Standard Interpolation#
Interpolate 2D images with standard interpolation. Compare them to SciPy zoom. We compute SNR and MSE on a face ROI (not the whole frame) to focus on detail and avoid boundary artifacts.
Imports#
import numpy as np
import time
from urllib.request import urlopen
from PIL import Image
from scipy.ndimage import zoom as _scipy_zoom
from splineops.resize import resize
from splineops.utils.metrics import compute_snr_and_mse_region
from splineops.utils.plotting import plot_difference_image, show_roi_zoom
from splineops.utils.diagram import draw_standard_vs_scipy_pipeline
def fmt_ms(seconds: float) -> str:
"""Format seconds as a short 'X.X ms' string."""
return f"{seconds * 1000.0:.1f} ms"
# You can switch this to np.float64 if you want full double precision.
DTYPE = np.float32
Pipeline Diagram#
These experiments validate the standard interpolation against SciPy’s by showing they produce (nearly) the same result, and where tiny differences are.
Load and Normalize an Image#
Here, we load an example image from an online repository and convert to grayscale in [0, 1].
url = 'https://r0k.us/graphics/kodak/kodak/kodim14.png'
with urlopen(url, timeout=10) as resp:
img = Image.open(resp)
# Start in float64 for robust normalization, then cast once to DTYPE.
data = np.array(img, dtype=np.float64)
# Convert to [0..1]
input_image_normalized = data / 255.0
# Convert to grayscale via simple weighting
input_image_normalized = (
input_image_normalized[:, :, 0] * 0.2989 + # Red channel
input_image_normalized[:, :, 1] * 0.5870 + # Green channel
input_image_normalized[:, :, 2] * 0.1140 # Blue channel
)
# Run the interpolation backends in DTYPE (e.g. float32 for speed).
input_image_normalized = input_image_normalized.astype(DTYPE, copy=False)
zoom = np.pi / 6 # ≈ 0.5235987756
zoom_factors_2d = (zoom, zoom)
border_fraction = 0.3 # still available as a fallback (unused when roi=... is set)
# Face-centered 64×64 ROI (focus region for metrics & diffs)
ROI_SIZE_PX = 64
FACE_ROW, FACE_COL = 400, 600 # (row, col) approx center of the detail
h_img, w_img = input_image_normalized.shape
# Top-left of the 64×64 box, clipped to stay inside the image
row_top = int(np.clip(FACE_ROW - ROI_SIZE_PX // 2, 0, h_img - ROI_SIZE_PX))
col_left = int(np.clip(FACE_COL - ROI_SIZE_PX // 2, 0, w_img - ROI_SIZE_PX))
# ROI rectangle for metrics/plots (row, col, height, width)
roi_rect = (row_top, col_left, ROI_SIZE_PX, ROI_SIZE_PX)
roi_kwargs = dict(
roi_height_frac=ROI_SIZE_PX / h_img, # keeps height at 64 px (square ROI)
grayscale=True,
roi_xy=(row_top, col_left), # top-left of the ROI
)
# Original (shifted ROI)
_ = show_roi_zoom(
input_image_normalized,
ax_titles=("Original Image", None),
**roi_kwargs
)
Standard Interpolation#
We use our standard interpolation method (cubic).

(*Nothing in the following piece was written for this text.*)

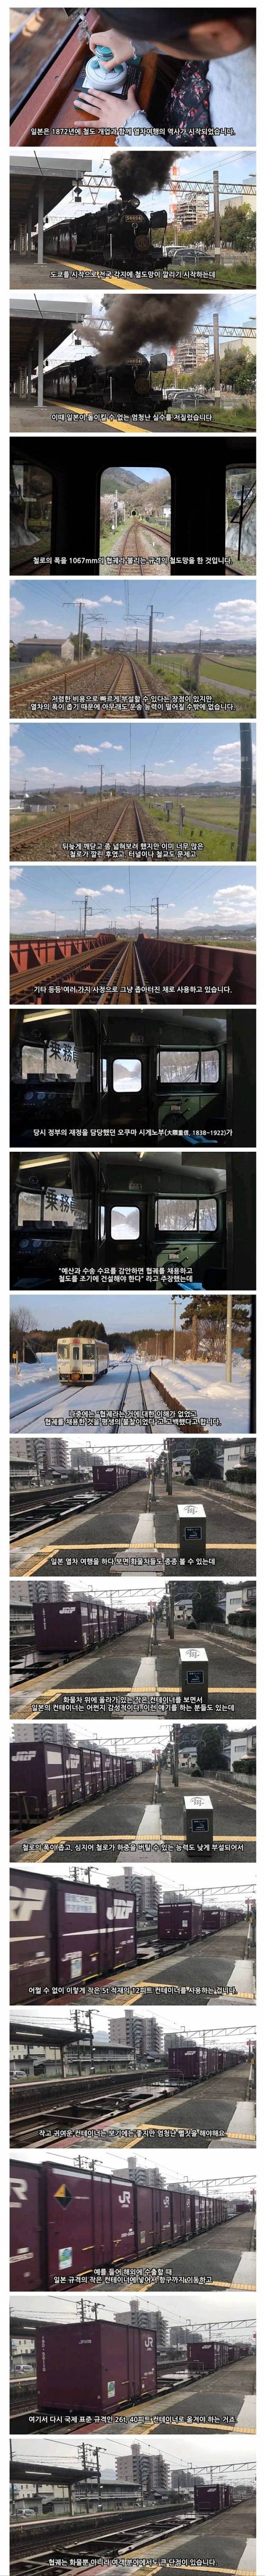 [스압] 일본 기차가 좁아터진 이유.jpg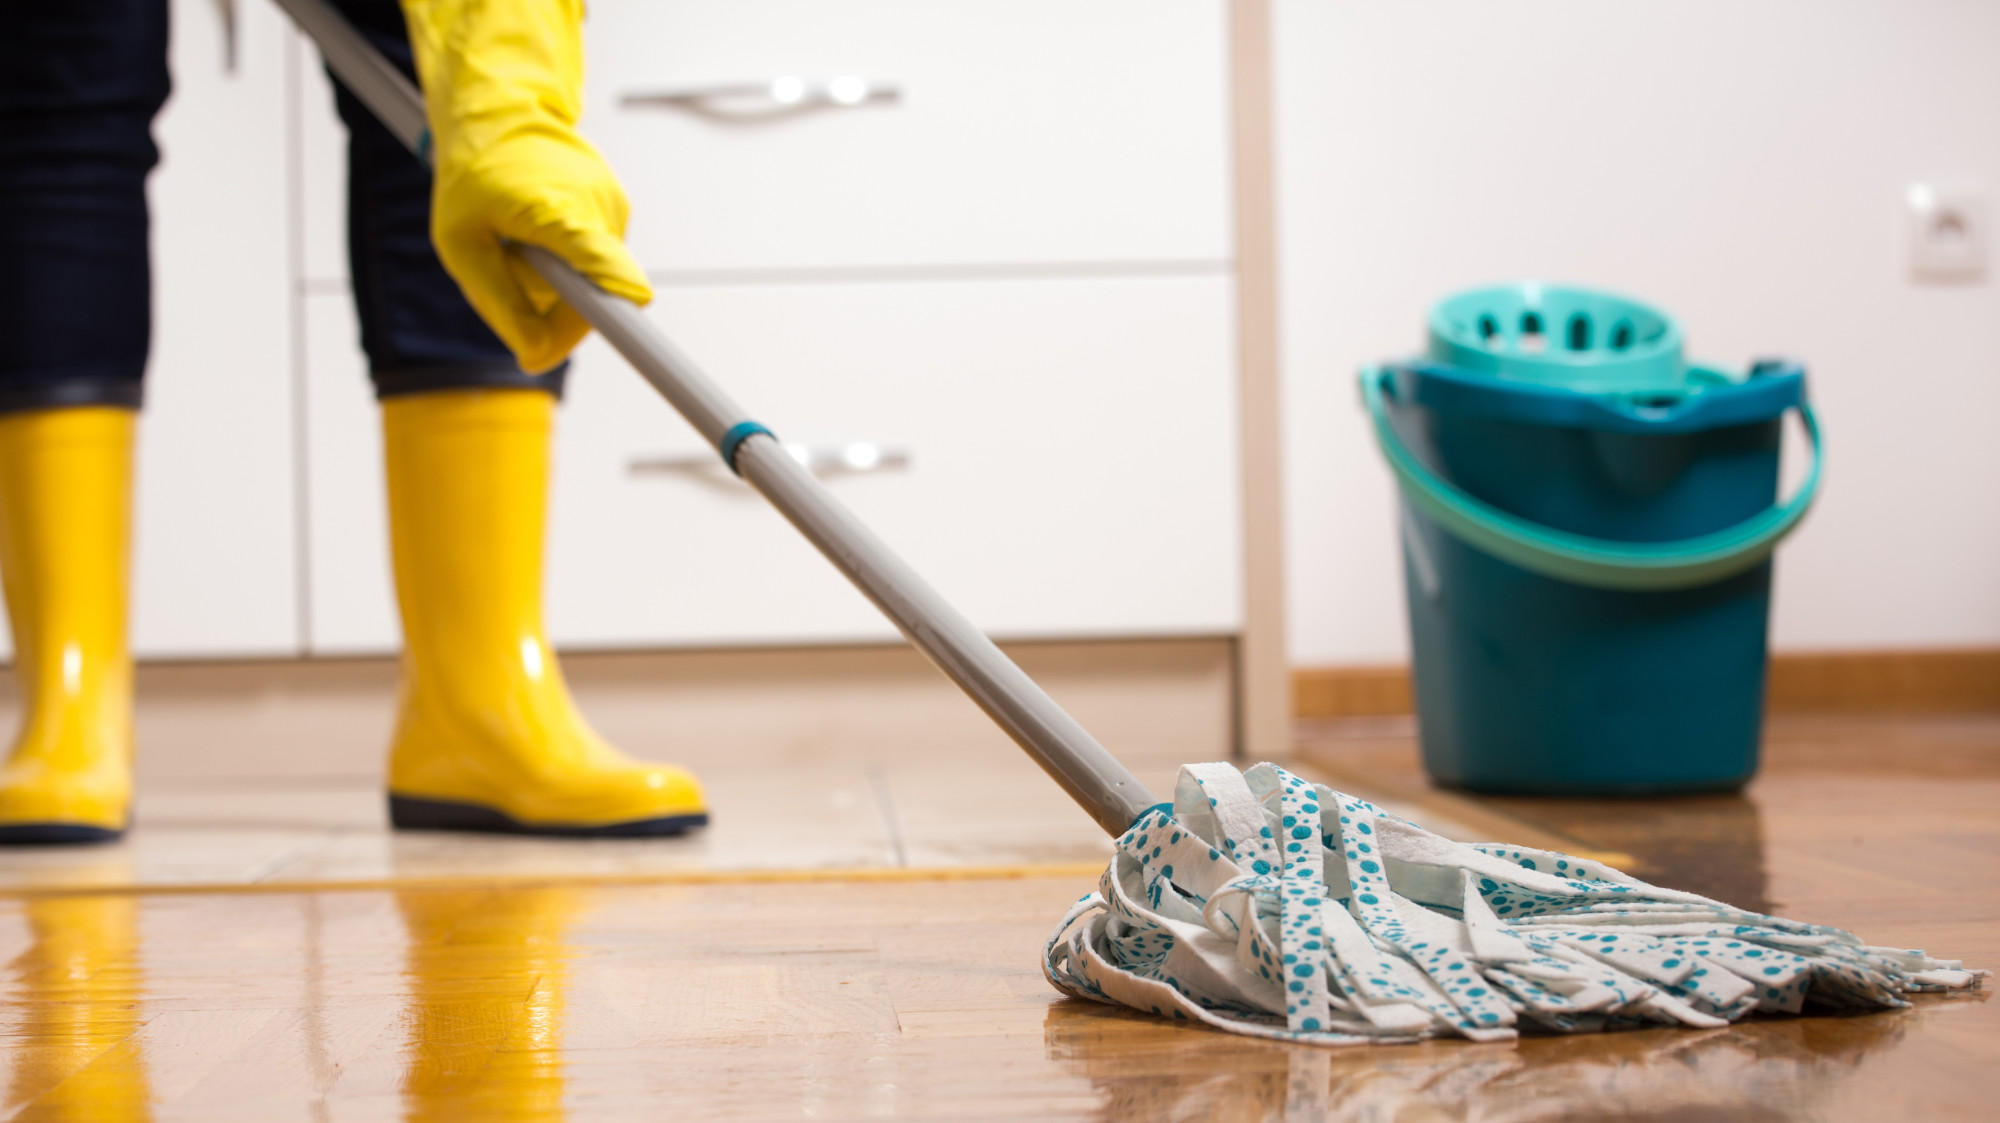 Mopping Makes Floors Less Slippery

SNR/MSE are computed on the face ROI.
# Forward + backward resize with splineops.resize.resize
t0 = time.perf_counter()
resized_2d_interp = resize(
input_image_normalized,
zoom_factors=zoom_factors_2d,
method="cubic",
)
t1 = time.perf_counter()
recovered_2d_interp = resize(
resized_2d_interp,
output_size=input_image_normalized.shape,
method="cubic",
)
t2 = time.perf_counter()
time_2d_interp_fwd = t1 - t0
time_2d_interp_back = t2 - t1
time_2d_interp = t2 - t0 # total pipeline time
# Metrics (ROI-aware)
snr_2d_interp, mse_2d_interp = compute_snr_and_mse_region(
input_image_normalized,
recovered_2d_interp,
roi=roi_rect,
border_fraction=border_fraction,
)
Resized Image#
Show the resized image pasted on a white canvas (for zoom-out), plus the ROI zoom.

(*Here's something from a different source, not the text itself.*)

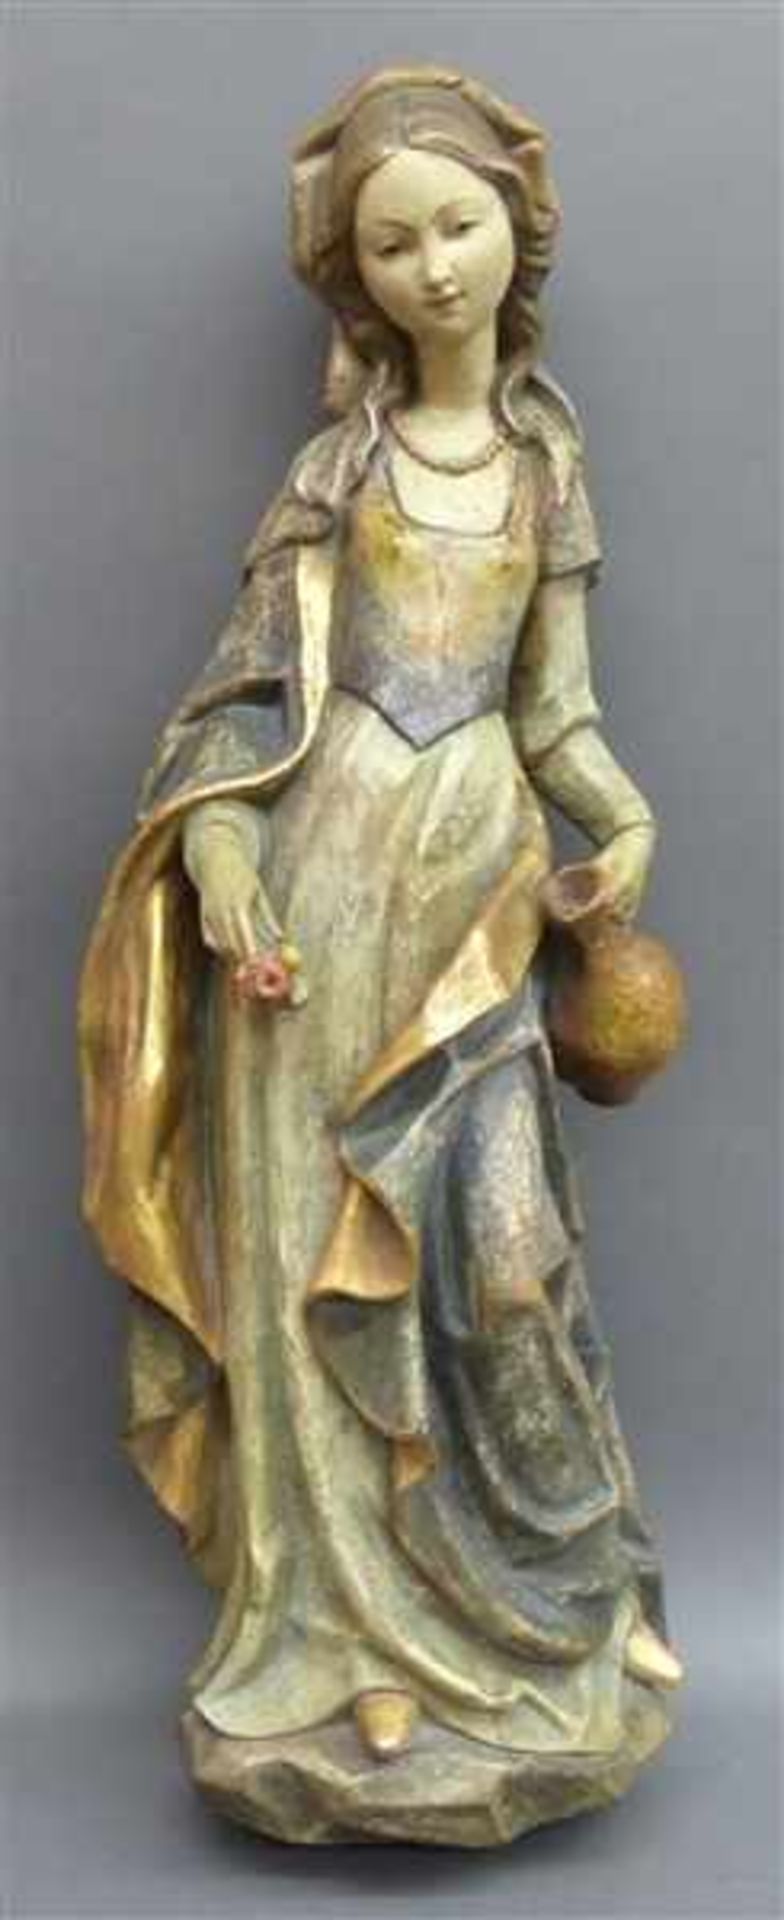 Holzschnitzarbeitgefasst und teilvergoldet, "Heilige Elisabeth mit Krug und Rose", signiert Zenz

# Zoomed face detail for the resized (cubic) image pasted onto original-size canvas
h_res, w_res = resized_2d_interp.shape
zoom_r, zoom_c = zoom_factors_2d
# ROI size in the resized image (e.g., 64 -> 16 px when zoom=0.25)
roi_h_res = max(1, int(round(ROI_SIZE_PX * zoom_r)))
roi_w_res = max(1, int(round(ROI_SIZE_PX * zoom_c)))
# ROI center mapped into the resized image
center_r_res = int(round(FACE_ROW * zoom_r))
center_c_res = int(round(FACE_COL * zoom_c))
# Top-left of the ROI in the resized image, clipped to bounds
row_top_res = int(np.clip(center_r_res - roi_h_res // 2, 0, h_res - roi_h_res))
col_left_res = int(np.clip(center_c_res - roi_w_res // 2, 0, w_res - roi_w_res))
# --- Build original-size white canvas and paste the small resized image at top-left (0,0) ---
canvas = np.ones((h_img, w_img), dtype=resized_2d_interp.dtype) # white background in [0,1]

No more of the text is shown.